So erhalten Busch und Co. beim epochalen, punkigen "Das Gift Der Spinne" tatkräftige Unterstützung von Diener Bastille, dessen höchst variable Stimmlage sich geradezu perfekt in das zugrundeliegende Gesamtbild einfügt. Es findet sich eben zusammen, was zusammen gehört! "Maskerade" lädt dann bewusst gewagt zum sprichwörtlichen Tanze auf dem Maskenball der Gemüter ein, während das sphärische "Daydream" gekonnt zum Träumen und temporären Loslassen nur allzu gewichtiger Gedanken einlädt. Überhaupt verstehen es "Carpe Noctem" mit jedem einzelnen ihrer Stücke vortrefflich, so manch starrem Griff des oftmals trostlosen Alltags zu entgleiten und dem weltlichen Treiben in Richtung schwereloser Leichtigkeit zu entfliehen. Den englischsprachigen Zeilen von "Toxicity" leiht im Folgenden dann der coppelianische Cellist Graf Lindorf sein markantes Organ. Bis auf die beiden genannten Ausnahmen, bleiben die Songs allerdings durchgängig rein instrumental und somit ganz ohne Gesang. Einen solchen brauchen die hochwertigen Arrangements jedoch auch gar nicht zwingend, wie das raubeinige "Tavernenspiel" oder das hoch dramatische "Requiem" zeigen, welches entgegen möglicher Erwartungen alles andere als ruhig und gediegen ausfällt.

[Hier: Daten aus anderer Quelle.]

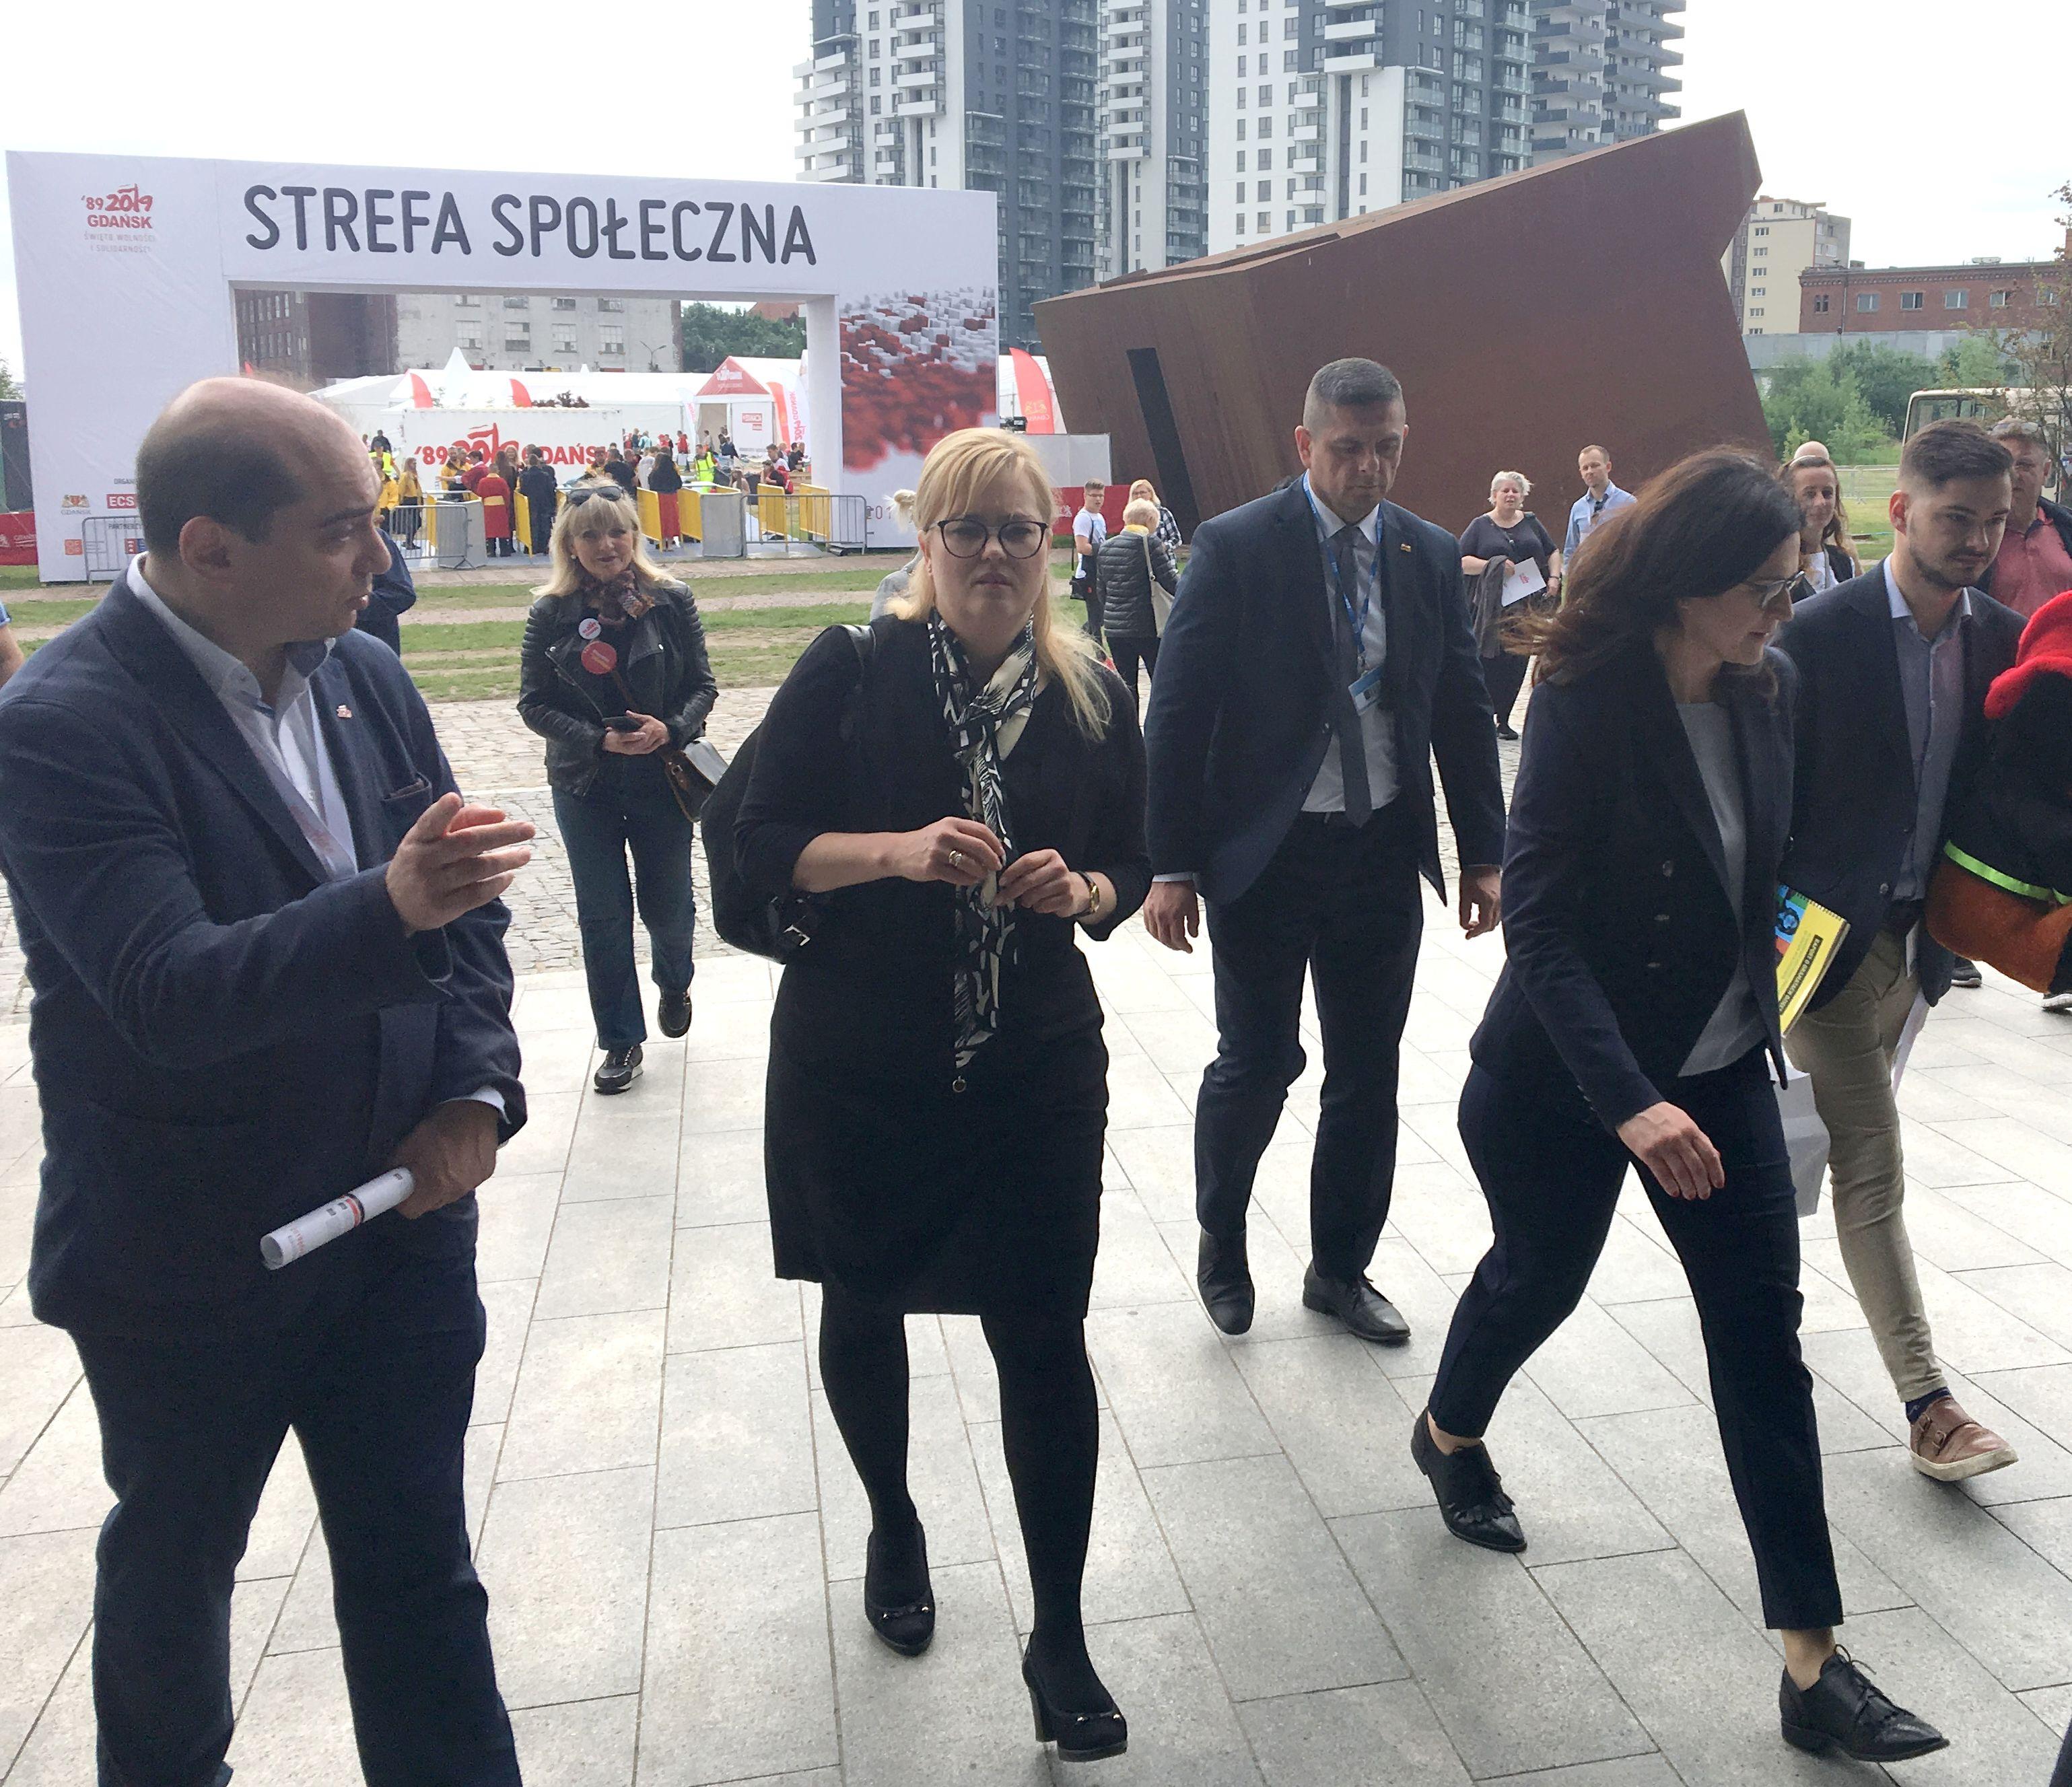 Swieto Wolnosci i Solidarnosci Fot_J_Wikowski IMG_0171

Einen ausgiebigen Ausflug in sanftere Landschaften bietet da viel eher das behutsam zelebrierte "Autumn" und auch der emotionale Abschluss "Penthesilea" weiß mit perfekt gesetzten Akzenten zur rechten Zeit zu berühren. Überhaupt wissen "Carpe Noctem" um ihre Möglichkeiten und kreieren fortwährend eine schwelgerische Sinnesreise mit fesselnder Atmosphäre und viel Raum für die Inspiration und Fantasie des Hörers. Mal schnell, dann langsam, laut und im nächsten Moment wieder leise und sinnlich. So ziemlicher jeder Titel bietet das volle Potential, den weltlichen Zwängen und Konventionen für eine kleine Weile zu entkommen, sich mehr und mehr zu verlieren. Das Prinzip weiß bereits nach dem ersten Durchlauf zu begeistern und ist sowohl Liebhabern klassischer Musik, als auch Anhängern rifflastiger Kost mit Niveau wärmstens zu empfehlen, denen ein offenes Herz gegeben ist und die nicht an starren Prinzipien und Genre-Tristesse interessiert, ja, vielleicht sogar davon gelangweilt sind. Langeweile kommt hier keineswegs auf, zu facettenreich und anspruchsvoll führen "Carpe Noctem" durch ihre musikalische Welt. Ein gelungenes Lehrstück mit viel Licht und erfreulich wenig Schatten. Genieße die Nacht!

Informationen:

http://www.carpenoctem.band/#start

https://de-de.facebook.com/carpenoctemband/

Massive Ego - Beautiful Suicide (2017)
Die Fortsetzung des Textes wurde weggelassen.